# My Barnvelder chicks



## mickster71 (Nov 15, 2017)

. Couple days old 







. Week old 







now 12 weeks and he is gonna be a corker! 







also hen at 12 weeks


----------



## boskelli1571 (Oct 30, 2017)

Love those Barnies - they have so much personality


----------



## seminole wind (Aug 22, 2015)

They are beautiful birds!!! How did you choose Barnvelders?


----------



## mickster71 (Nov 15, 2017)

seminolewind said:


> They are beautiful birds!!! How did you choose Barnvelders?


Hi, thankyou, by accident really, we wanted some eggs as our silie went broody, went a walk round a breeders who has loads of different breeds and as soon as i spotted the adult barnvelders i thought wow beautiful birds, and they were show stock so had to have a couple of eggs, there is also a couple of buff orpingtons and i had 3 wellsummer bantam eggs but they didn't hatch


----------



## chickenqueen (Jan 9, 2016)

I am always amazed about the number of people with chickens in the house.Dale makes it out to be I'm the only idiot that lets a chicken in the house.It always nice to know I'm in good company.


----------



## mickster71 (Nov 15, 2017)

chickenqueen said:


> I am always amazed about the number of people with chickens in the house.Dale makes it out to be I'm the only idiot that lets a chicken in the house.It always nice to know I'm in good company.

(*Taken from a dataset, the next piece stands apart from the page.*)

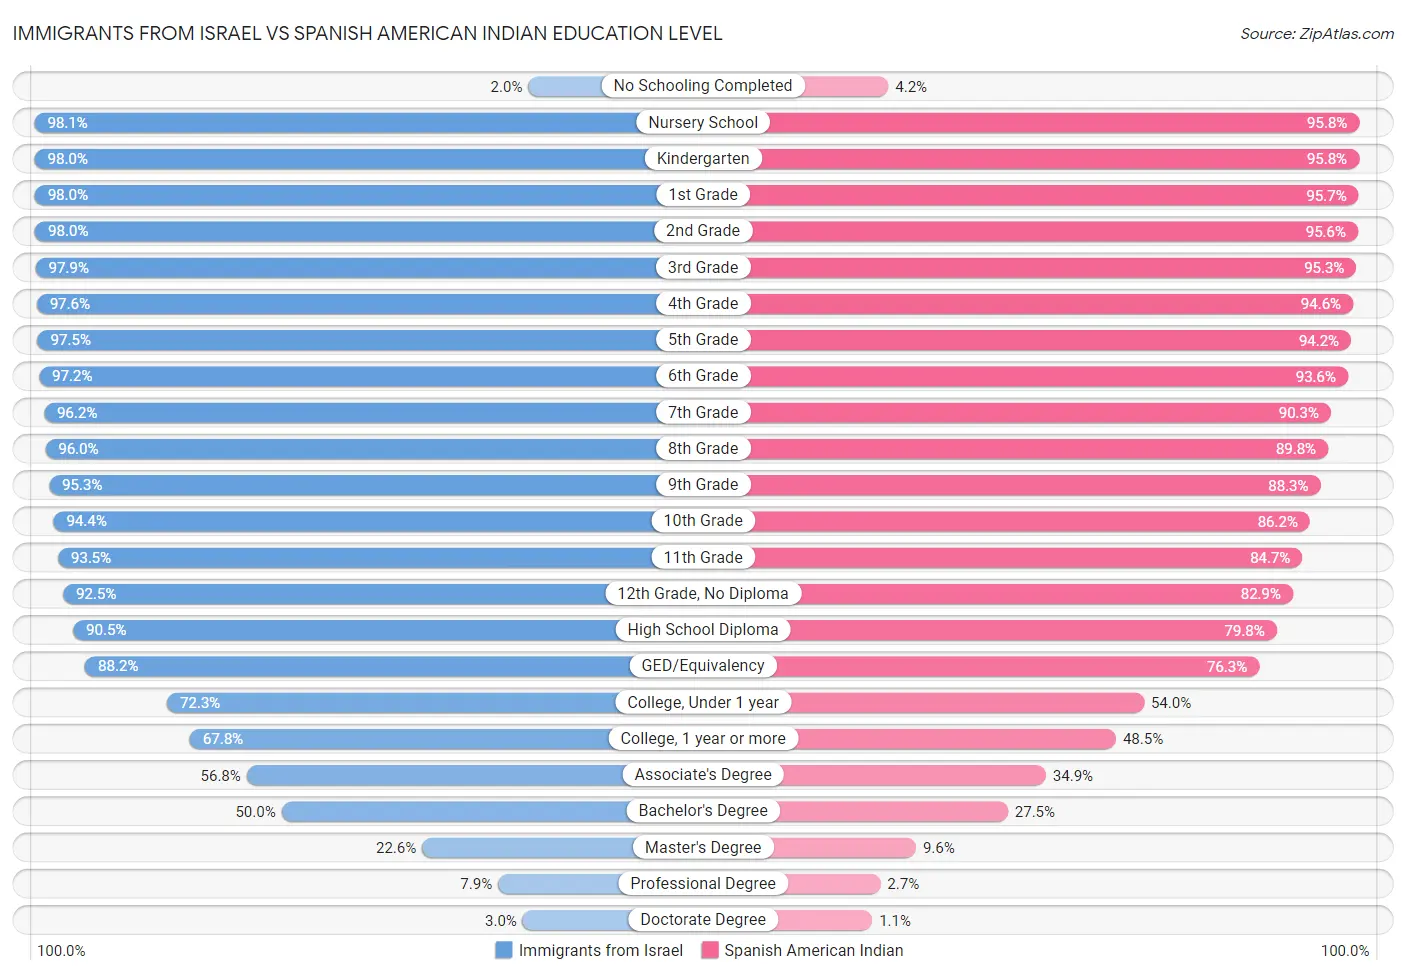 Immigrants from Israel vs Spanish American Indian Education Level

Haha no nothing wrong with it allows them to get used to you, the big girls (the layers) are tapping at the back door to get in  bloody pests they are lol


----------



## seminole wind (Aug 22, 2015)

I would have done it except for the dog.


----------



## chickenqueen (Jan 9, 2016)

I even have one who whines to get in to pick at the birdseed in the bird room,then lays an egg in my dirty laundry basket.Then she pecks my knee for her treat.She may be spoiled but at least she delivers....


----------



## mickster71 (Nov 15, 2017)

chickenqueen said:


> I even have one who whines to get in to pick at the birdseed in the bird room,then lays an egg in my dirty laundry basket.Then she pecks my knee for her treat.She may be spoiled but at least she delivers....


Thats brilliant, they all have their different personalities and quite funny too


----------